Wednesday, July 2, 2014

Where do you get your ideas?

Carola

One of the questions writers of fiction hear most often (if not the most frequent) is "Where do you get your ideas?" I usually give a semi-facetious answer: They're all floating around in the ether and when you're tuned in they just come to you.

Facetious, but as good an explanation as any. I can pinpoint where certain books started. Sometimes I began with a great title: Styx and Stones, for instance.


 



Once I had that, it clearly had to be a poisoned-pen story, so the characters, plot, and setting developed from there.

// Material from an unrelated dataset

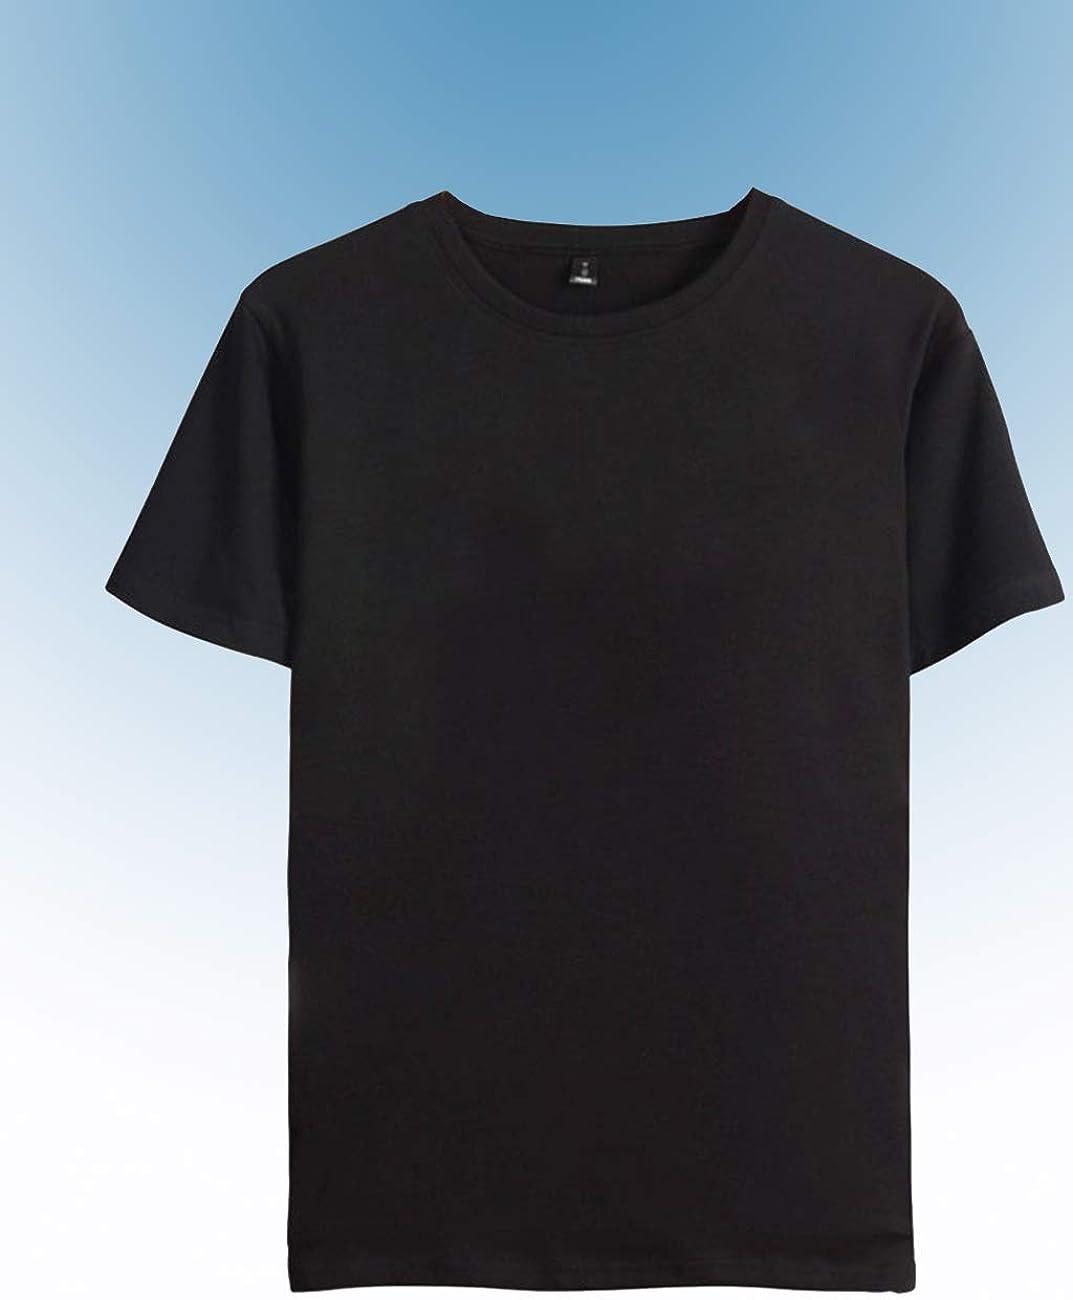 Nur Noch Rine Runde Dann H/ör Ich Auf T-Shirt Gamer Herren Damen Zocker Tshirts Unisex Jungen M/ädchen Kurzarm T-Shirts Tops Pullover Nur Noch Rine Runde Dann H/ör Ich Auf Shirt Kinder

But what sparked the title I have no idea.





It's easier to trace the books that started with a place: Rattle His Bones, set in the Natural History Museum;


















The Bloody Tower, set at the Tower of London;









or To Davy Jones Below, set on a transatlantic liner, and Murder on the Flying Scotsman, on a train. In each case, the place--the setting--led to the plot and the characters. Where the Flying Scotsman is concerned, another factor was that I wanted to make it as different from Murder on the Orient Express as possible, though that's where the idea came from.




(The cover on the left, the US hardcover original, was developed from a real 1920s railway poster--which did not, however, have a skeleton driving the train)







So, sometimes the origin of an idea is clear. More often, I haven't a clue, or not one I can pin down. I guess the real answer is: A lifetime's experiences.